Soldiers, including an army division that took part in the brutal suppression of a 1988 uprising, converged on Myanmar's largest city after thousands of monks and sympathizers defied government orders to stay out of politics and protested once again.

Cheered on by supporters, the Buddhist monks marched out for an eighth day of peaceful protest from Yangon's soaring Shwedagon Pagoda, while some 700 others staged a similar show of defiance in the country's second largest city of Mandalay.

"The protest is not merely for the well being of people but also for monks struggling for democracy and for people to have an opportunity to determine their own future," one monk told The Associated Press, speaking on condition of anonymity fearing reprisals from officials. "People do not tolerate the military government any longer."


Tuesday's protests came despite orders to the Buddhist clergy to halt all political activity and return to their monasteries.

And this is no fringe protest:

Warnings also were sent out against all illegal gatherings in a country where an assembly of more than five can amount to breaking the law.

On Monday, the demonstrations in Yangon reached 100,000, becoming the biggest demonstrations since a pro-democracy uprising 19 years ago. The authorities did not stop the protests Monday, even as they built to a scale and fervor that rivaled the 1988 uprising. The government, has been handling the monks gingerly, wary of angering ordinary citizens in this devout, predominantly Buddhist nation.

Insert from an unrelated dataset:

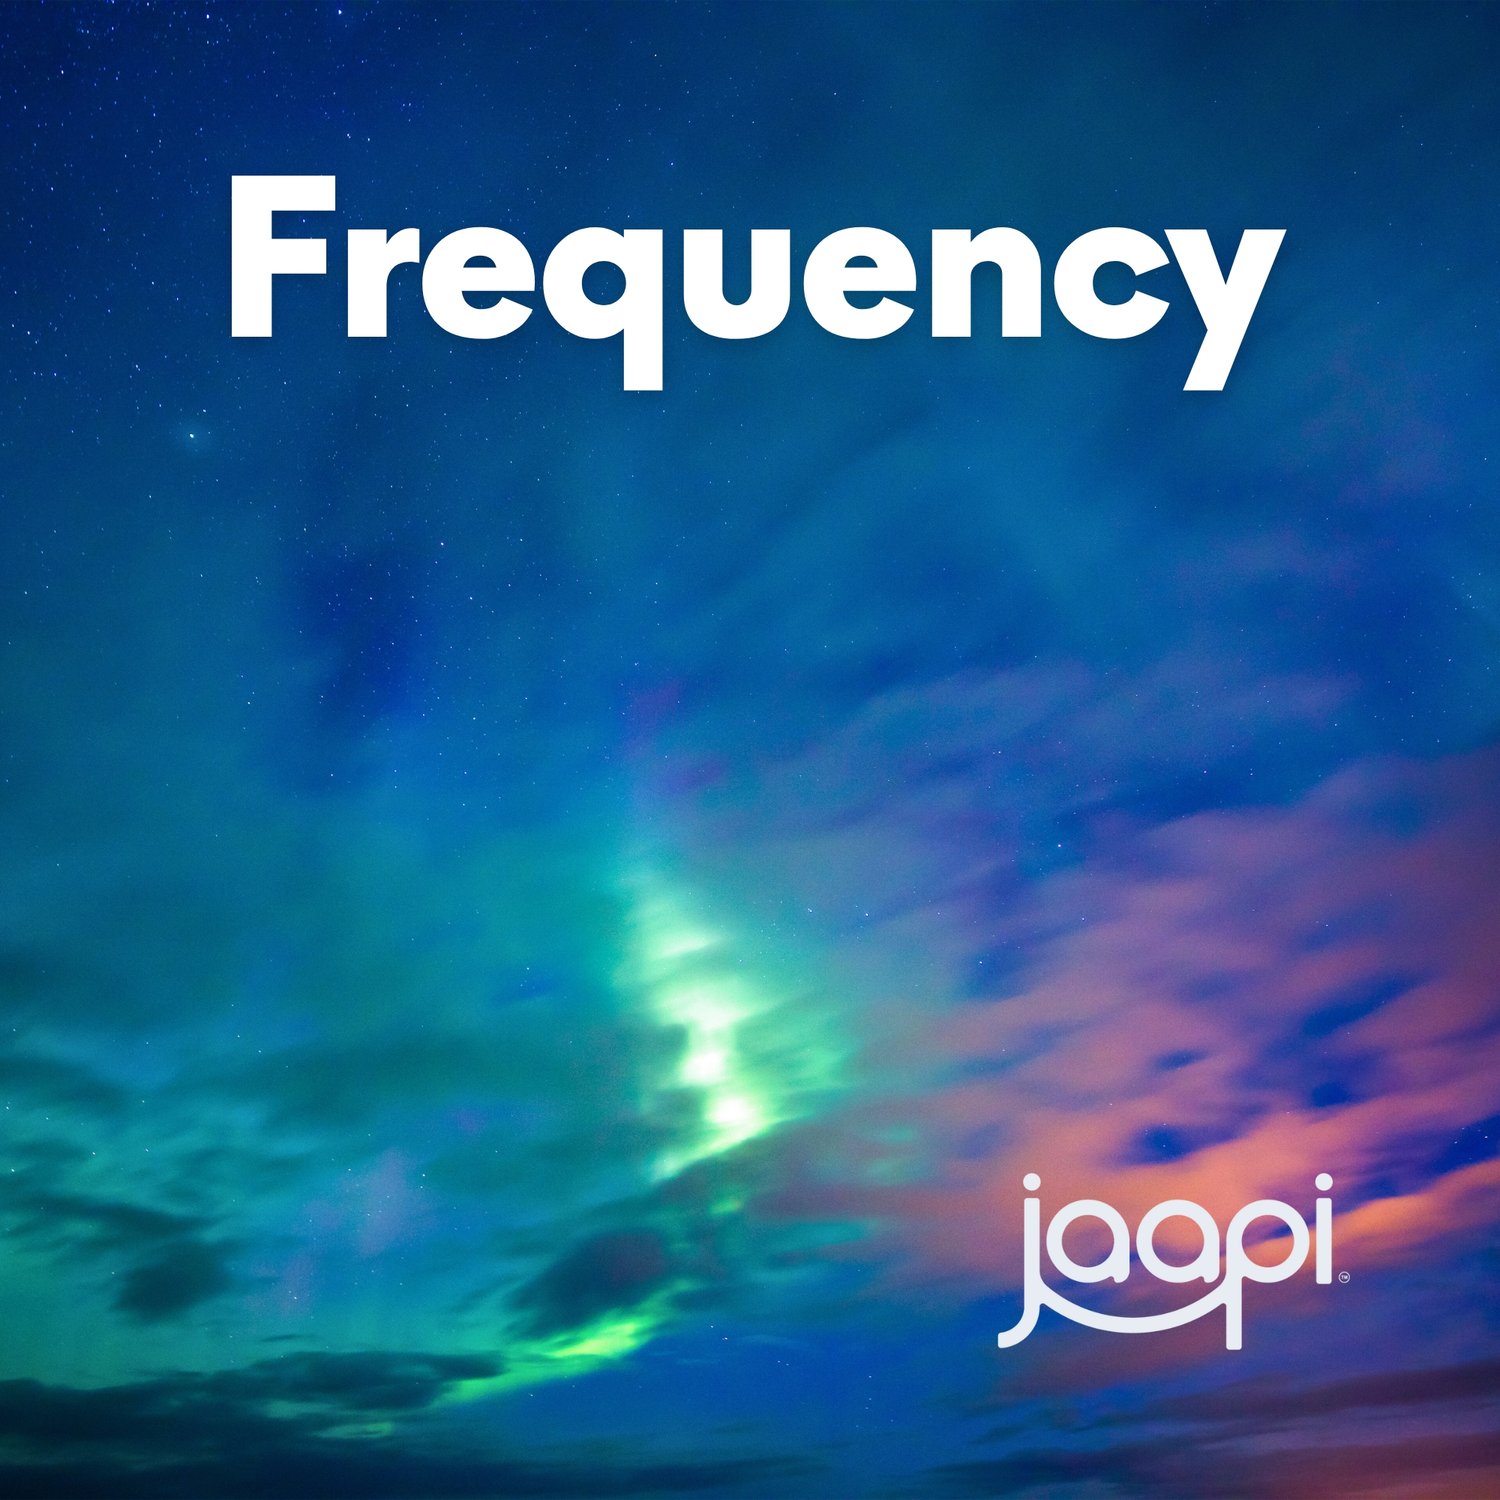 Frequency: Deep resonance for healing. Curated by Jaapi Media.
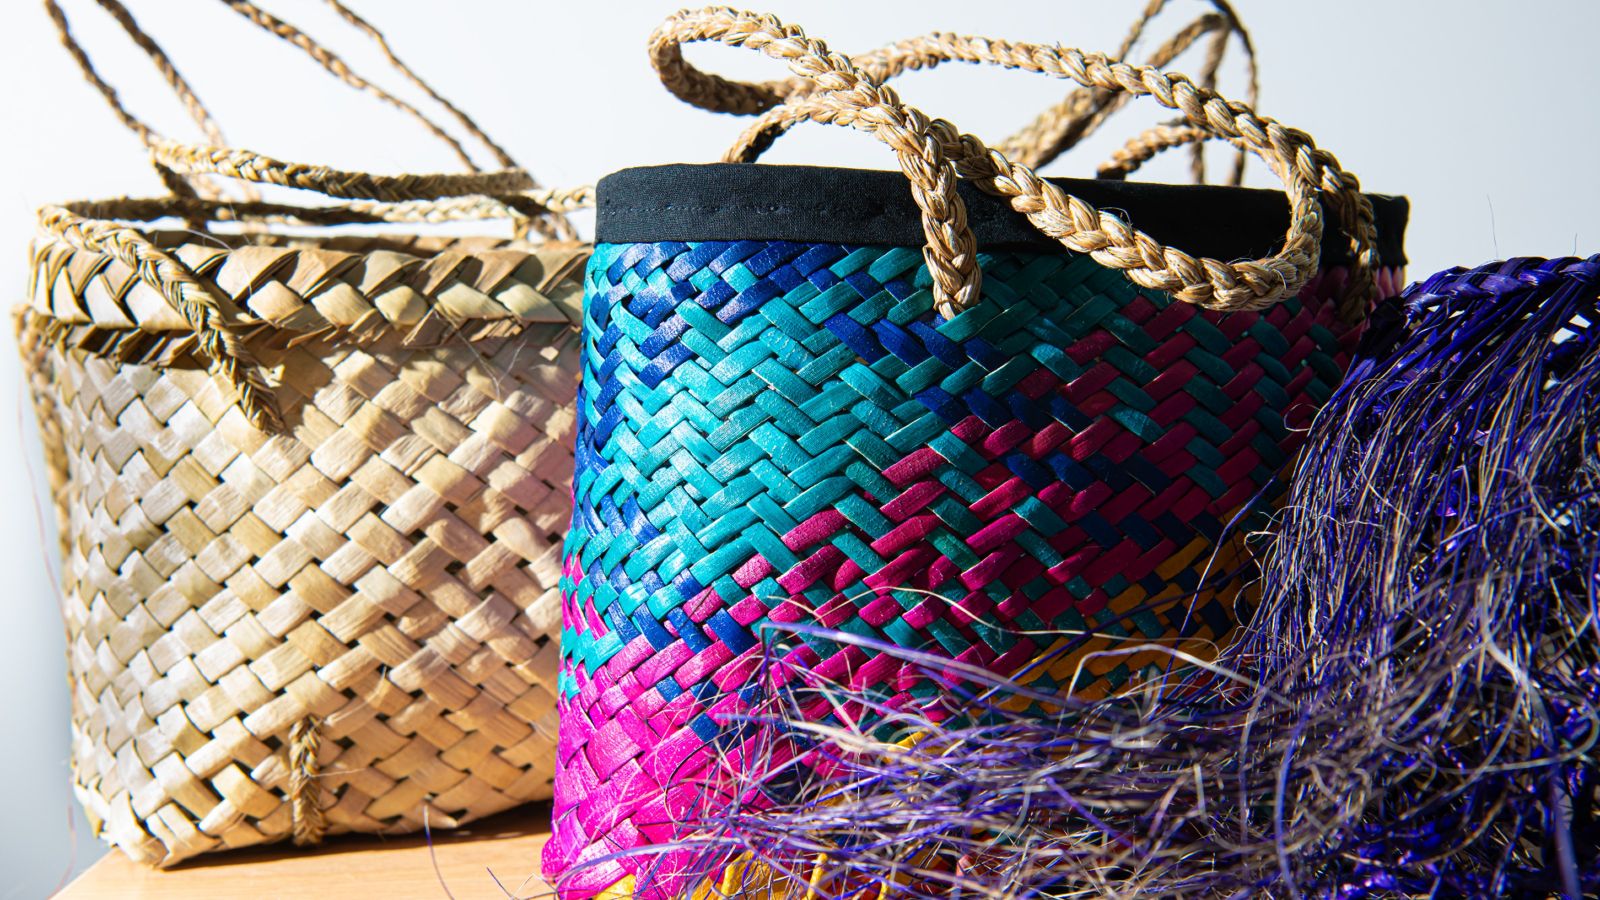 Two kete or woven baskets. One is purple, pink and blue and the other is traditional brown.

Joining the monks Tuesday were members of the pro-democracy National League for Democracy headed by Aung San Suu Kyi as well as university students. They marched more than a mile to the Sule Pagoda under a scorching sun.

The demonstrations have escalated in just one week from a marginalized movement to mass protests drawing not only the monks but people from all walks of life.

In Mandalay, ordinary people were starting to join the monks or follow them on foot, motorcycles, bicycles and trishaws, though many still appeared too afraid to show their open support.


Nothing can happen in Burma. Something is happening in Myanmar, however. We may yet see if the government's troops are willing to slaughter civilians to maintain the military's rule.

UPDATE: More on the situation and the China-Burma alliance.

And this article says China is leaning on Burma to restrain its response. The article nicely describes China's desire to have a Burma alliance for energy and access to the Indian Ocean and China's desire not to stir up bad press in the run up to the 2008 Peking Olympics by openly backing a client state as it guns down Buddhist monks chanting "democracy!"